System design and im

**System design and implementation**. The system is designed using OpenCL. The spatial blocking is applied to alleviate external memory bandwidth bottleneck and the size of on-chip buffers. The temporal blocking is used to reuse data and compute sound pressures of a same spatial block at continuous time steps. As shown in Figure 1, the system consists of Data input module, computation engine, and Data output module. The computation engine contains 16 processing elements (PEs). Each PE computes sound pressures of grids in a spatial block at a time-step, and all PEs are cascaded to compute sound pressures of grids in the same spatial block at continuous 16 time-steps.

### **3. PERFORMANCE EVALUATION**

Table 1 presents the rendering time taken by the proposed FPGAbased accelerator implemented using the FPGA card DE10-Pro and software simulations performed on a desktop machine with 512 GB DRAMs and an Intel Xeon Gold 6212U 24-core processor running at 2.4 GHz.
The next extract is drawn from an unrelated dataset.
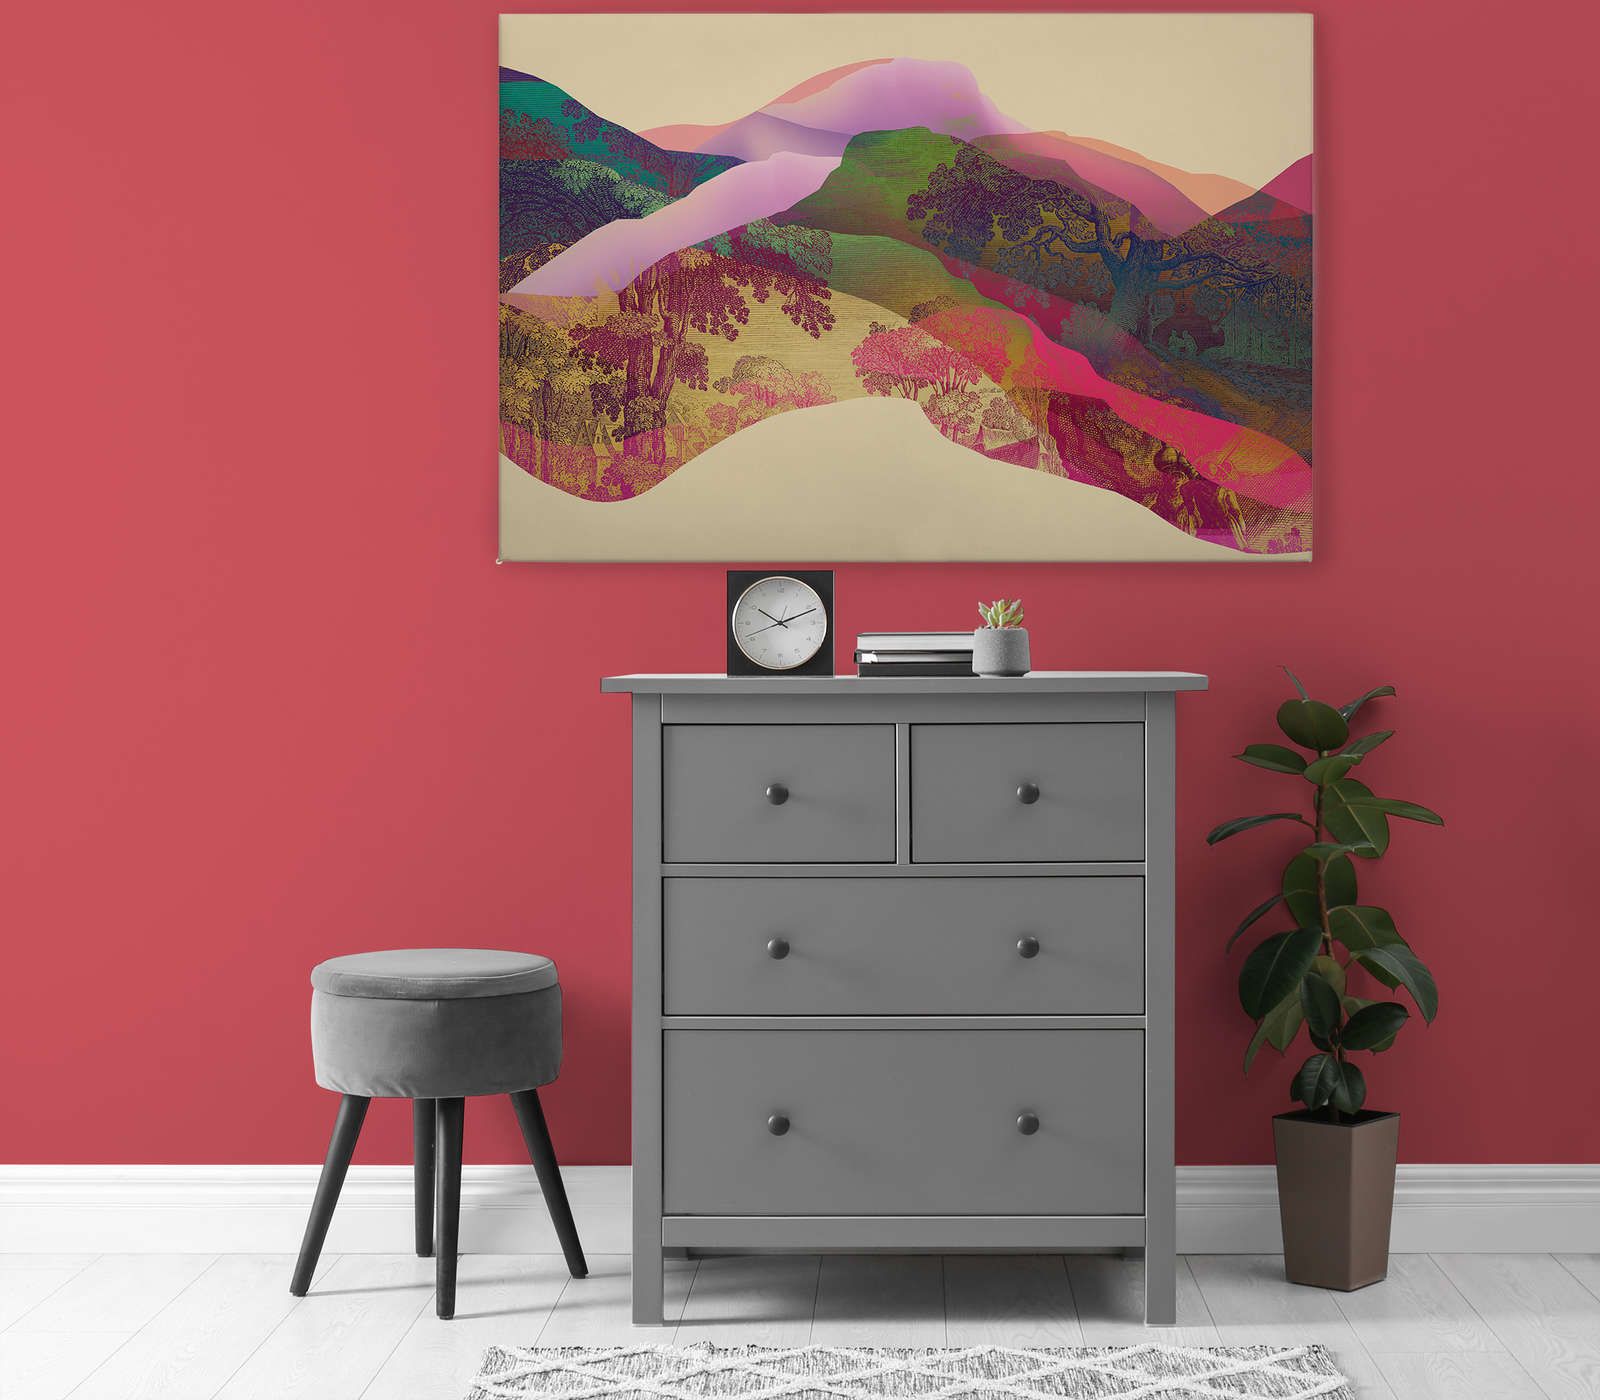             Magic Mountain 2 - Canvas schilderij Berglandschap abstract - 1.20 m x 0.80 m

The sound space was a threedimensional shoebox with dimension being 16m×8m×8m. The incidence was an impulse and the number of the computed time steps was 32. The reference C++ codes in software simulations were compiled using the GNU compiler (version: 4.8.5) with the option -O3 and -fopenmp to use all 24 processor cores. As shown in Table 1, the proposed accelerator outperforms the software simulations by 11 times, 13 times, and 18 times in computing performance in the case of the 2nd-order, 4th-order, and 6th-order FDTD schemes, respectively, even though it runs at much lower clock frequency (about 350 MHz).



Figure 1. System Diagram

Table 1. Rendering Time Per Time Step (s)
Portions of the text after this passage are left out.